Top of Stored data

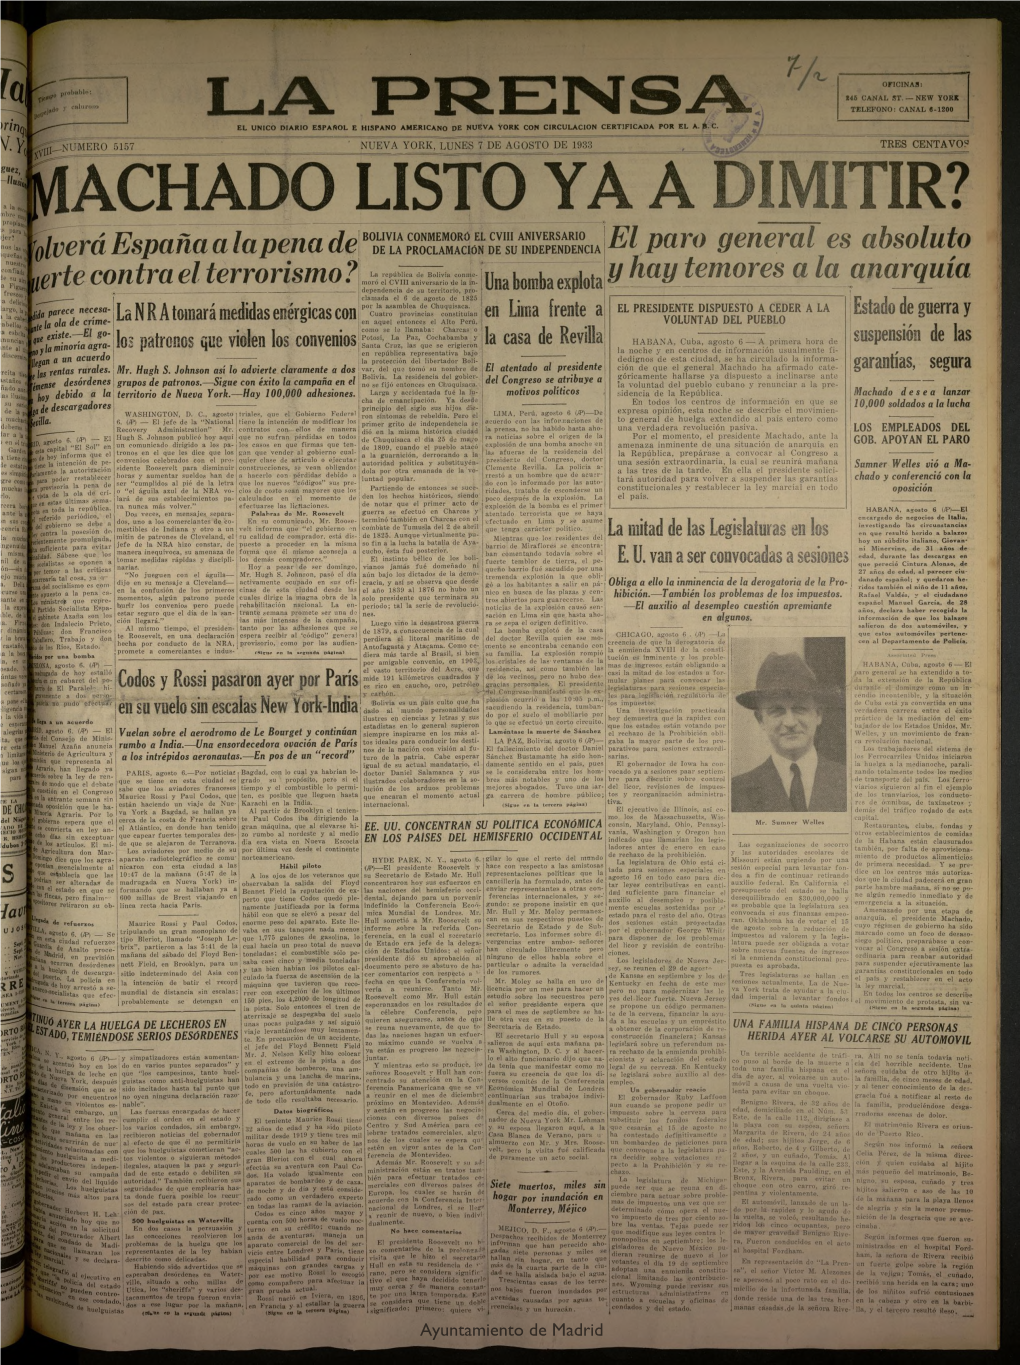 La Prensa.Único Diario Español E Hispano Americano En Nueva York, 7 De Agosto De 1933, Nº 5157
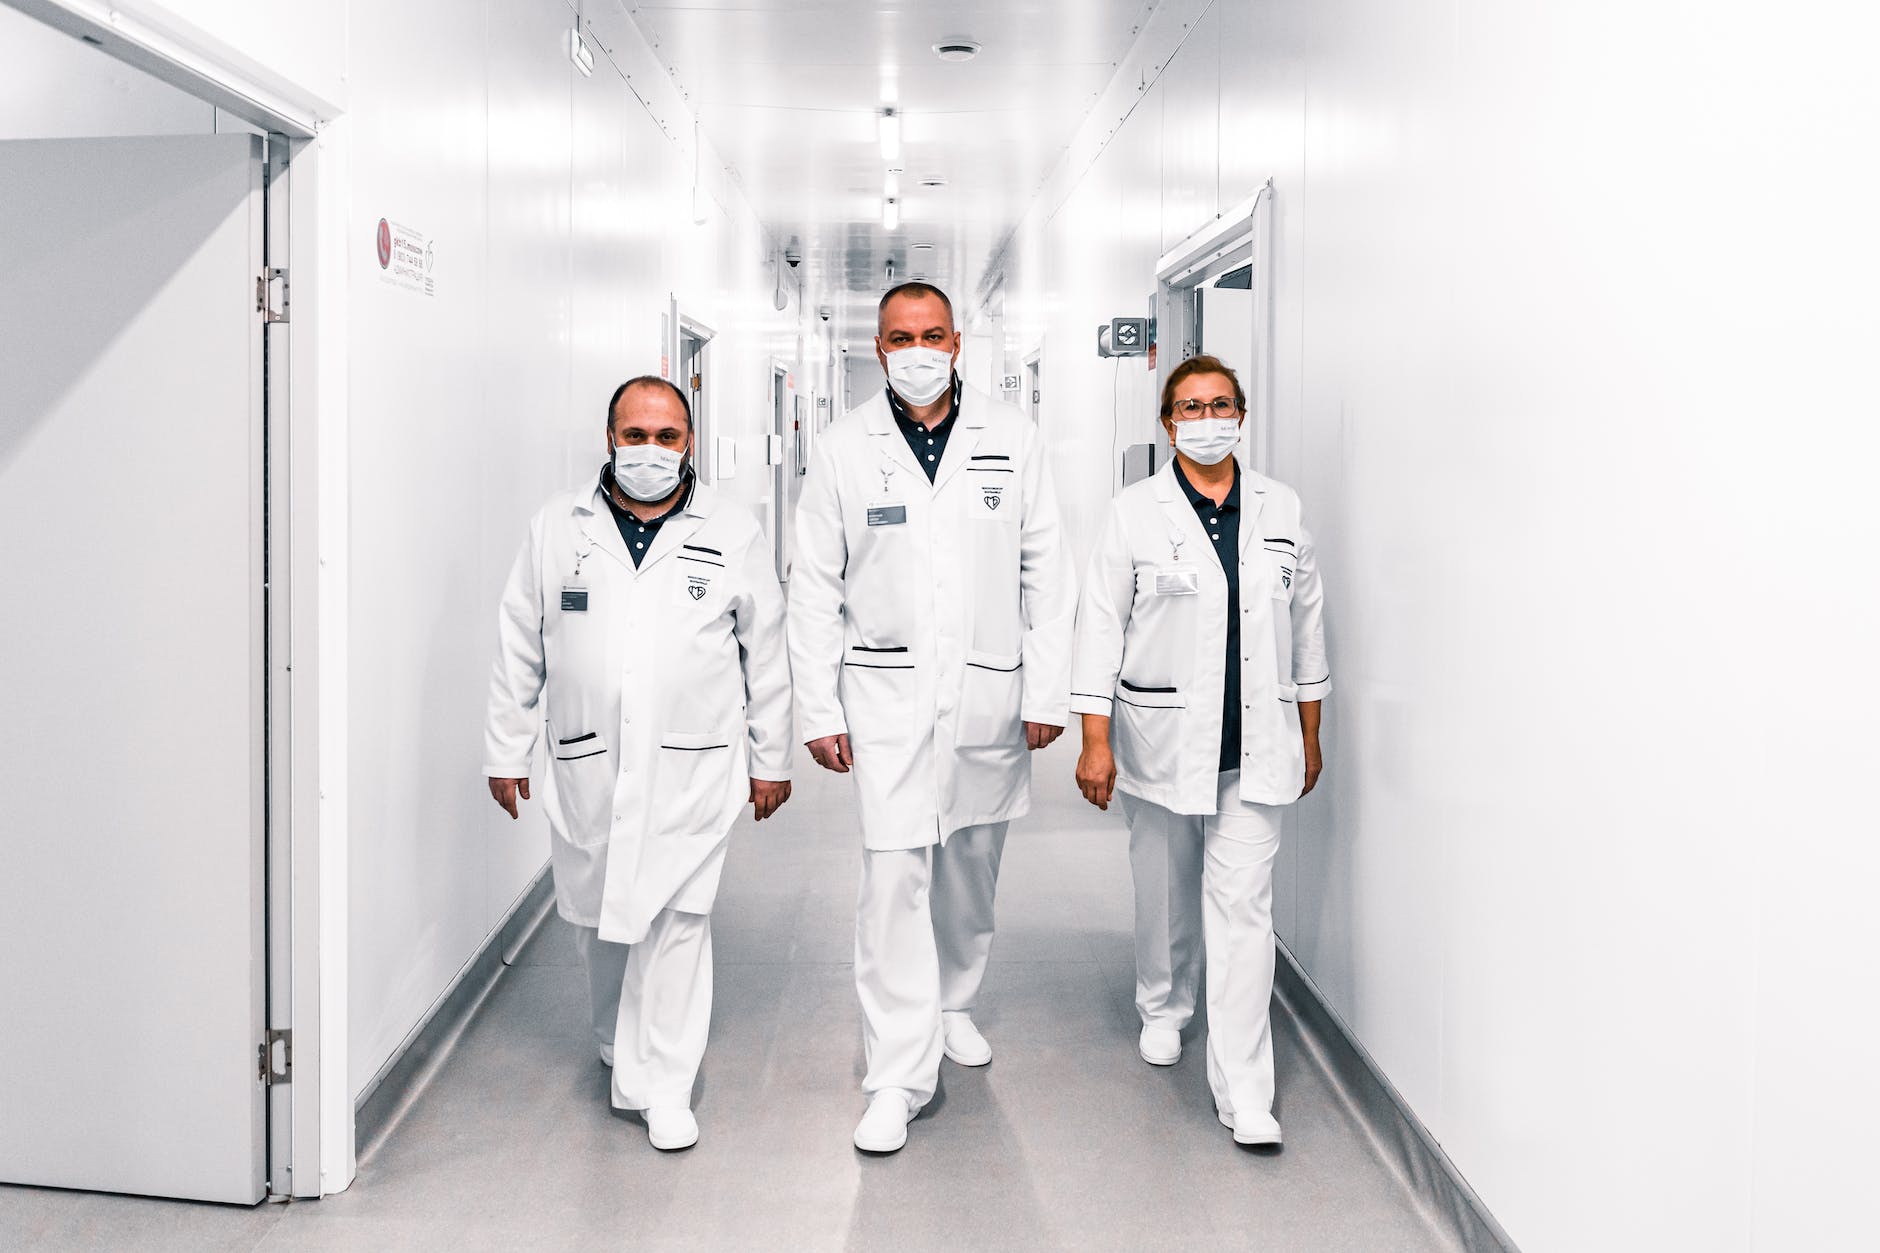 Group of doctors walking in corridor
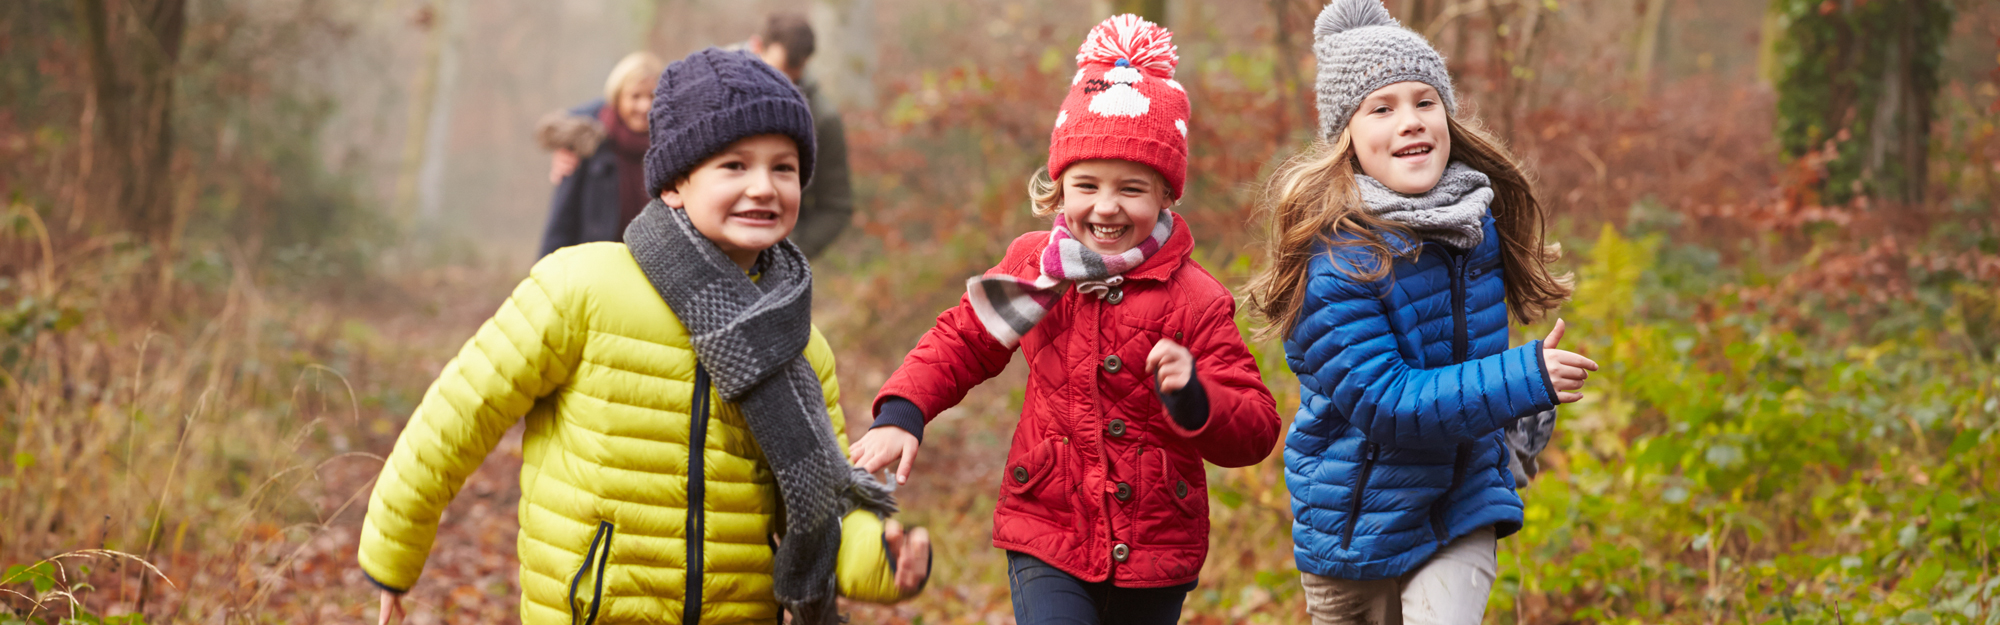 Tre glada barn springer i höstskogen

Bottom of Stored data

## Aim of the exercise
Please transcribe the listing above verbatim and exclude every picture.

## The completed task
 La Prensa.Único Diario Español E Hispano Americano En Nueva York, 7 De Agosto De 1933, Nº 5157
 Group of doctors walking in corridor
 Tre glada barn springer i höstskogen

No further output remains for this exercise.